Der Gutachter äusserte sich auch zu den massgeblichen Standardindikatoren. Massgebend sind die Indikatoren "funktioneller Schweregrad" (Gesundheitsschädigung – d.h. Ausprägung der diagnoserelevanten Befunde, Behandlungs- und Eingliederungserfolg bzw. -resistenz, Komorbiditäten, Persönlichkeit, sozialer Kontext) sowie "Konsistenz" (BGE 141 V 297, E. 4.1.3).

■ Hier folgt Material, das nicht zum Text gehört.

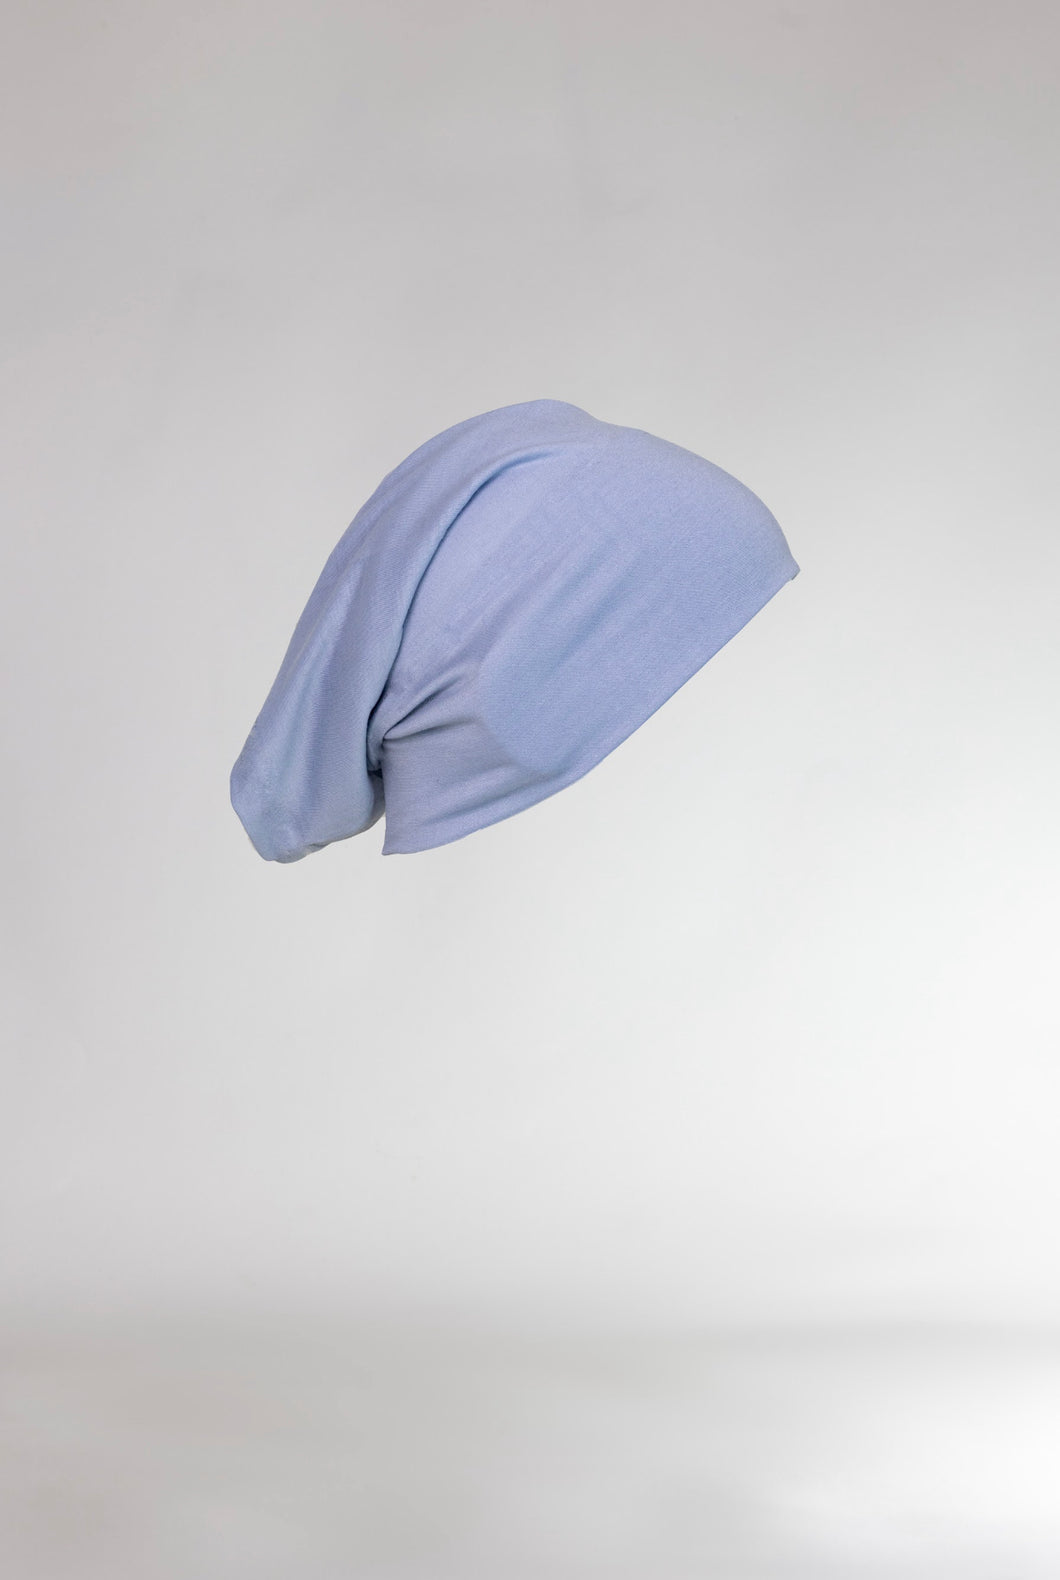 Sky Blue Hijab Cap

Bezüglich funktioneller Schweregrad hielt der Gutachter fest, innerhalb des vierstündigen Untersuchs habe keine Abnahme der kognitiven Fähigkeiten festgestellt werden können. Konzentration, Aufmerksamkeit, Merk- und Abstraktionsfähigkeit seien unauffällig gewesen (IV-act. 149-31 f.). Ausschliesslich anamnestisch werde das Auftreten von Angstattacken angegeben (IV-act. 149-32). Innerhalb von Haushalt und Organisation seien keinerlei Beeinträchtigungen vorhanden (IV-act. 149-38), jedoch seien aufgrund der sozialen Phobie die soziale Interaktion und Kontakte zu Dritten und Gruppenaktivitäten schwerwiegend eingeschränkt und aufgrund der Agoraphobie die Mobilität beeinträchtigt (IV-act. 149-38 f., 47). Im aktuellen Zeitpunkt sei der gesamte Symptomenkomplex mittelgradig ausgeprägt (IV-act. 149-38). In der Gesamtbewertung sei noch von einer leichtgradigen mit teilweise mittelgradigen Einschränkungen bezüglich der Aktivitäten in den verschiedenen Lebensbereichen auszugehen (IV-act. 149-51).
Zum Indikator Behandlungserfolg bzw. -resistenz lässt sich dem Gutachten entnehmen, eine stationäre oder tagesklinische Therapie sei nie durchgeführt worden (IV-act. 149-39). Basierend auf der fehlenden Einnahme, dem fehlenden Auftreten von Zeichen nach abruptem Absetzen und der erheblichen Problematik bezüglich Compliance sei von einer eingeschränkten Einnahme der verschriebenen Medikamente auszugehen. Es sei damit weder von einer intensiven Psychotherapie noch von einer entsprechenden Psychopharmakotherapie auszugehen (IV-act. 149-40). Der Beschwerdeführer sollte dringend eine leitliniengerechte Psychopharmakotherapie unter Einhaltung einer Abstinenz durchführen; diese sei ihm zumutbar (vgl. IV-act. 149-50 ff.). Es bestehe die Möglichkeit einer 100%igen Arbeitsfähigkeit adaptiert innerhalb von 2 bis 3 Jahren bei Durchführung der vorgeschlagenen Massnahmen (Abstinenz, Intensivierung der Psychotherapie und medikamentöse Behandlung). Auch die Auffassung des Gutachters, dass eine gezieltere medikamentöse Behandlung möglich sei, wird von der IV-Ärztin bestätigt (IV-act. 193). Ob diese durch eine allenfalls höhere Dosierung von Mirtazapin oder durch andere Medikamente erfolgen sollte, ist aus invalidenversicherungsrechtlicher Sicht unerheblich. So oder anders erscheint eine wirksamere Psychopharmakotherapie angezeigt und dem Beschwerdeführer zumutbar.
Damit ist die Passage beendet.